See usage instructions for details on each feature.
Installation
Add this line to your application's Gemfile:
gem 'words_counted'
And then execute:
$ bundle
Or install it yourself as:
$ gem install words_counted
Usage
Pass in a string or a file path, and an optional filter and/or regexp.
counter = WordsCounted.count(
"We are all in the gutter, but some of us are looking at the stars."
)
# Using a file
counter = WordsCounted.from_file("path/to/my/file.txt")
API
.word_count
Returns the word count of a given string. The word count includes only alpha characters. Hyphenated and words with apostrophes are considered a single word. You can pass in your own regular expression if this is not desired behaviour.
counter.word_count #=> 15
.word_occurrences
Returns an unsorted hash map of words and their number of occurrences. Uppercase and lowercase words are counted as the same word.
counter.word_occurrences
{
"we" => 1,
"are" => 2,
"all" => 1,
"in" => 1,
"the" => 2,
"gutter" => 1,
"but" => 1,
"some" => 1,
"of" => 1,
"us" => 1,
"looking" => 1,
"at" => 1,
"stars" => 1
}
.sorted_word_occurrences
Returns a two dimentional array of words and their number of occurrences sorted in descending order. Uppercase and lowercase words are counted as the same word.
counter.sorted_word_occurrences
[
["the", 2],
["are", 2],
["we", 1],
# ...
["all", 1]
]
.most_occurring_words
Returns a two dimensional array of the most occurring word and its number of occurrences. In case there is a tie all tied words are returned.
counter.most_occurring_words
[ ["are", 2], ["the", 2] ]
.word_lengths
Returns an unsorted hash of words and their lengths.
counter.word_lengths
{
"We" => 2,
"are" => 3,
"all" => 3,
"in" => 2,
"the" => 3,
"gutter" => 6,
"but" => 3,
"some" => 4,
"of" => 2,
"us" => 2,
"looking" => 7,
"at" => 2,
"stars" => 5
}
.sorted_word_lengths
Returns a two dimentional array of words and their lengths sorted in descending order.
counter.sorted_word_lengths
[
["looking", 7],
["gutter", 6],
["stars", 5],
# ...
["in", 2]
]
.longest_word
Returns a two dimensional array of the longest word and its length.
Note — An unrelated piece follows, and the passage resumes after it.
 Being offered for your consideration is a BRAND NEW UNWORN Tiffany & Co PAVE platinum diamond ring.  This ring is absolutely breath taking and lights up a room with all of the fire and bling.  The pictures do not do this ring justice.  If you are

In case there is a tie all tied words are returned.
counter.longest_words
[ ["looking", 7] ]
.words
Returns an array of words resulting from the string passed into the initialize method.
counter.words
#=> ["We", "are", "all", "in", "the", "gutter", "but", "some", "of", "us", "are", "looking", "at", "the", "stars"]
.word_density
Returns a two-dimentional array of words and their density.
counter.word_density
[
["are", 13.33],
["the", 13.33],
["but", 6.67],
["us", 6.67],
["of", 6.67],
["some", 6.67],
["looking", 6.67],
["gutter", 6.67],
["at", 6.67],
["in", 6.67],
["all", 6.67],
["stars", 6.67],
["we", 6.67]
]
.char_count
Returns the string's character count.
counter.char_count #=> 76
.average_chars_per_word
Returns the average character count per word.
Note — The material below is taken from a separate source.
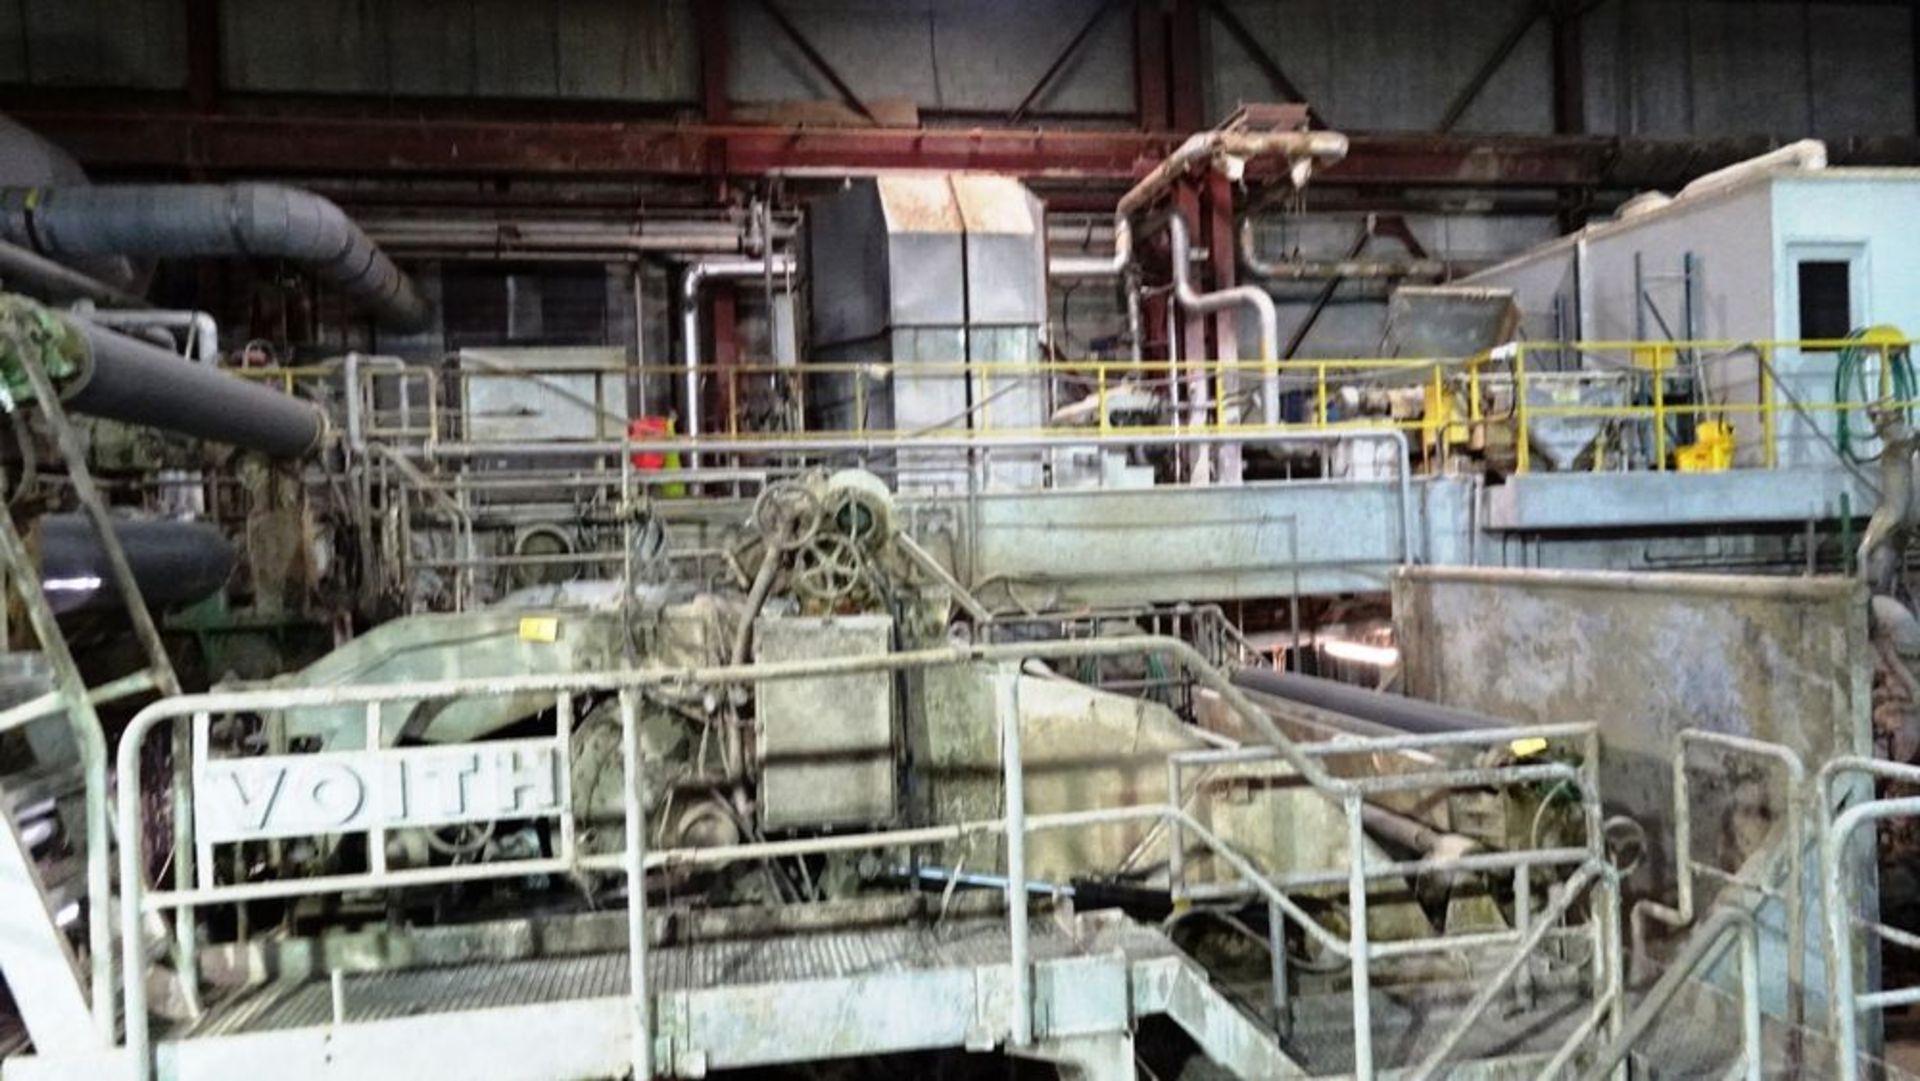 VOITH 104" TRIM YANKEE TISSUE MILL - NOTE: TO BE SOLD BY PRIVATE TREATY, CONTACT AUCTIONEER DIRECT - Image 9 of 273

counter.average_chars_per_word #=> 4
.unique_word_count
Returns the count of unique words in the string.
counter.unique_word_count #=> 13
Excluding words from the analyser
You can exclude anything you want from the string you want to analyse by passing in the exclude
option. The exclude option accepts a variety of filters.
- A space-delimited list of candidates. The filter will remove both uppercase and lowercase variants of the candidate when applicable. Useful for excluding the, a, and so on.
- An array of string candidates. For example:
['a', 'the']
. - A regular expression.
- A lambda.
Using a string
WordsCounted.count(
"Magnificent! That was magnificent, Trevor.", exclude: "was magnificent"
)
counter.words
#=> ["That", "Trevor"]
Using an array
WordsCounted.count("1 2 3 4 5 6", regexp: /[0-9]/, exclude: ['1', '2', '3'])
counter.words
#=> ["4", "5", "6"]
Using a regular expression
WordsCounted.count("Hello Beirut", exclude: /Beirut/)
counter.words
#=> ["Hello"]
Using a lambda
WordsCounted.count("1 2 3 4 5 6", regexp: /[0-9]/, exclude: ->(w) { w.to_i.even? })
counter.words
#=> ["1", "3", "5"]
Passing in a Custom Regexp
Defining words is tricky. The default regexp accounts for letters, hyphenated words, and apostrophes. This means twenty-one is treated as one word. So is Mohamad's.
/[\p{Alpha}\-']+/
But maybe you don't want to count words?–Well, analyse anything you want. What you analyse is only limited by your knowledge of regular expressions. Pass your own criteria as a Ruby regular expression to split your string as desired.
For example, if you wanted to include numbers in your analysis, you can override the regular expression:
counter = WordsCounted.count("Numbers 1, 2, and 3", regexp: /[\p{Alnum}\-']+/)
counter.words
#=> ["Numbers", "1", "2", "and", "3"]
Opening and Reading Files
Use the from_file
method to open files. from_file
accepts the same options as count
. The file path can be a URL.
counter = WordsCounted.from_file("url/or/path/to/file.text")
Gotchas
A hyphen used in leu of an em or en dash will form part of the word. This affects the word_occurences
algorithm.
counter = WordsCounted.count("How do you do?-you are well, I see.")
counter.word_occurrences
{
"how" => 1,
"do" => 2,
"you" => 1,
"-you" => 1, # WTF, mate!
"are" => 1,
"very" => 1,
"well" => 1,
"i" => 1,
"see" => 1
}
In this example -you
and you
are counted as separate words. Writers should use the correct dash element, but this is not always true.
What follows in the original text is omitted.